Вечером того же дня царь Петр отбыл на шестидесяти карбасах с семью гвардейскими ротами на взморье. Вернулся он оттуда в Шлотбург (как был прозван русский лагерь под Ниеншанцем) уже на следующее утро, 29 апреля, оставив в засаде на Васильевском (Лосином) острову (которому было теперь возвращено его прежнее русское название) три роты в ожидании появления с моря неприятельского флота. Из ниеншанцской цитадели хотя и было пущено по плывущим мимо русским несколько ядер, но без какого-либо вреда. Зато со «стрелки» Васильевского острова сделано было серьезное покушение, и именно на Меншикова, карбас которого плыл саженей двадцать впереди всего отряда и которого поэтому шведы, должно быть, приняли за самого царя.
Подробности об этом покушении Лукашка узнал непосредственно от одного из участников экспедиции – Преображенского сержанта. Как только передовой карбас поравнялся со «стрелкой», из прикрытой кустами береговой бухточки вылетели два восьмивесельных баркаса и одновременно с двух бортов причалили к лодке Меншикова, чтобы взять ее на абордаж. Но дружным залпом русских была тут же перебита половина нападающих, в том числе и сам командир их, бесноватый какой-то старичок-офицер.
– Майор де ла Гарди! – воскликнул Лукашка.
– Так называли его нам, – подтвердил сержант.
– Помяни, Господи, царя Соломона и всю премудрость его! На вышке у старичины обстояло ведь неблагополучно.

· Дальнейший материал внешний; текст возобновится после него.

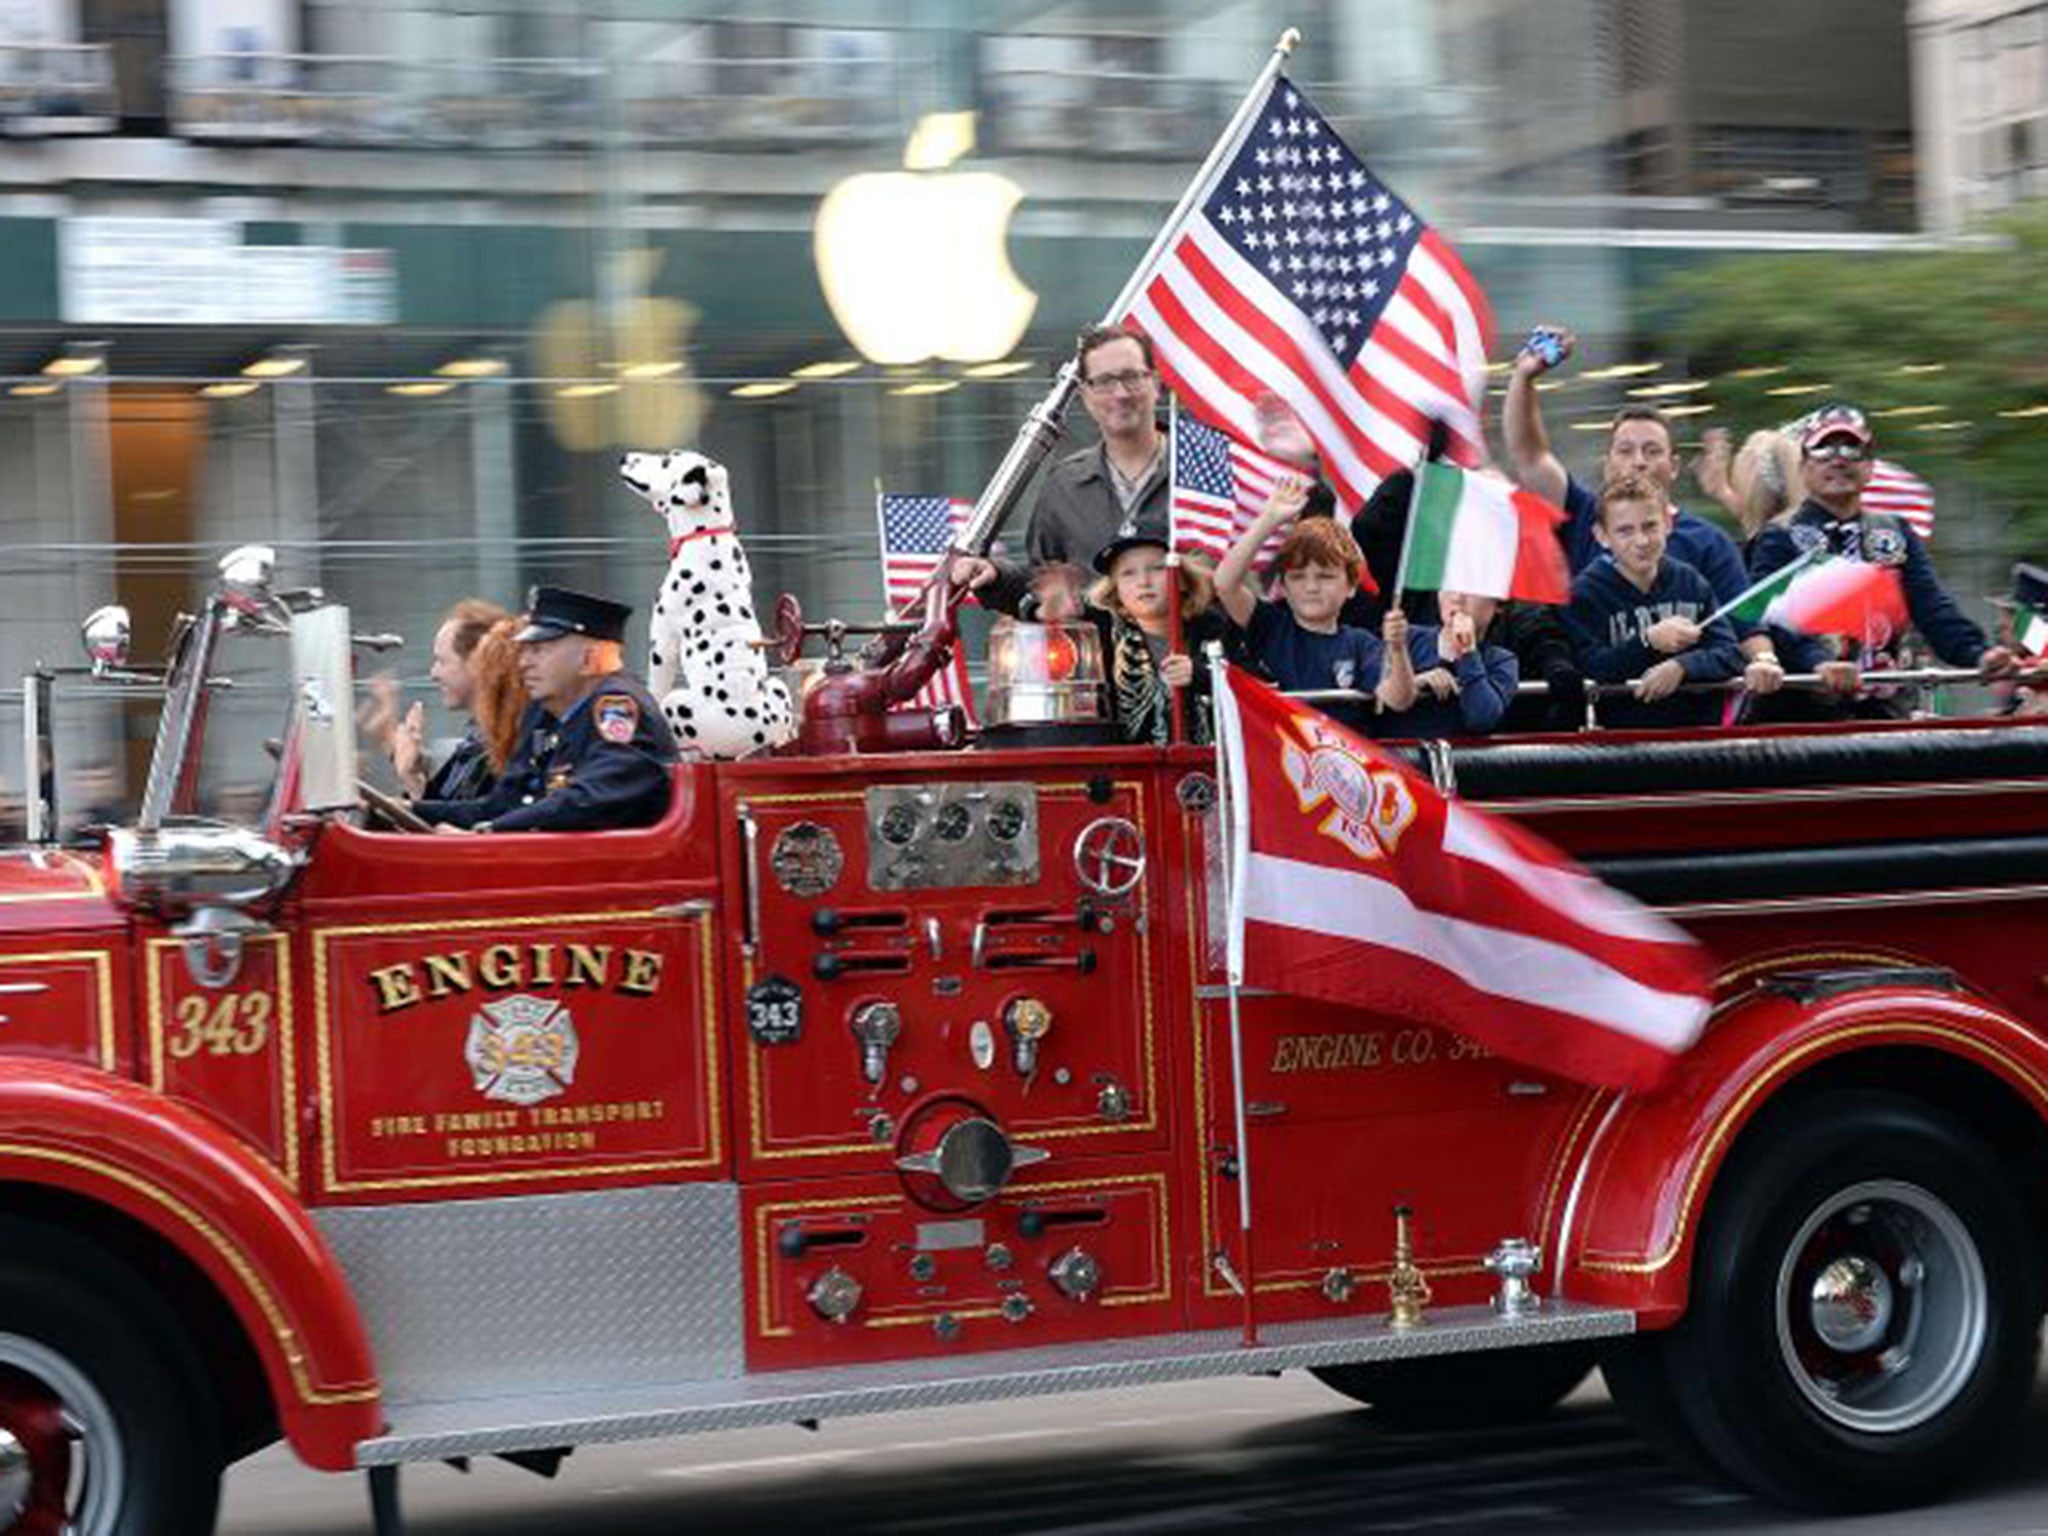 The annual Columbus Day Parade proceeds down New York City's Fifth Avenue

– Подлинно, что так: противу шестидесяти царских карбасов на двух лодчонках со своими ледащими чухнами идти!
– Ну, те, конечно, без командира-то тотчас пардону запросили?
– Знамое дело. А мызу майорскую государь тут же Меншикову пожаловал: вот, мол, тебе, Данилыч, и место для новых палат твоих. Поклонился тот в ножки государю и с одной ротой высадился у мызы – якобы для того, чтобы обеспечить государя с тылу.
– А то еще для чего же?
Сержант ухмыльнулся и подмигнул лукаво.
– Да почивать-то на майорских пуховиках куда, поди, мягче и теплее, чем в лодке на голых досках либо на голой земле, особливо под утро, когда этак дюже посвежеет. Он у нас, что греха таить, хоть и из простых вышел, а вдвое роскошней и привередливей самого государя.
– Так государь, стало быть, заночевал на взморье?
– Как и подобает на походе. Сколько ночей, бывало, провел он так на Ладоге да под Шлюшеном на палубе рядом с нашим братом. Подстелют ему разве дорожный коврик, да заместо изголовья себе денщика возьмет – Ягужинского Павла Иваныча али кто как раз на дежурстве.
– То есть как же так заместо изголовья?
– А так, вишь, что приляжет ему головой, значит, на спину, а тот не моги уже ворохнуться, чтобы, Боже упаси, не разбудить царя.
– Нелегкая тоже служба… А де ла Гарди там же, на Васильевском, и зарыли?
– Нет, осталась после него старушка-сестрица, упросила, слышь, Меншикова схоронить братца тихомолком на городском кладбище, в семейном склепе.
– Вы про кого это, братцы? Про горемычного нашего фенрика? – спросил подошедший тут к разговаривающим фельдшер из походного лазарета.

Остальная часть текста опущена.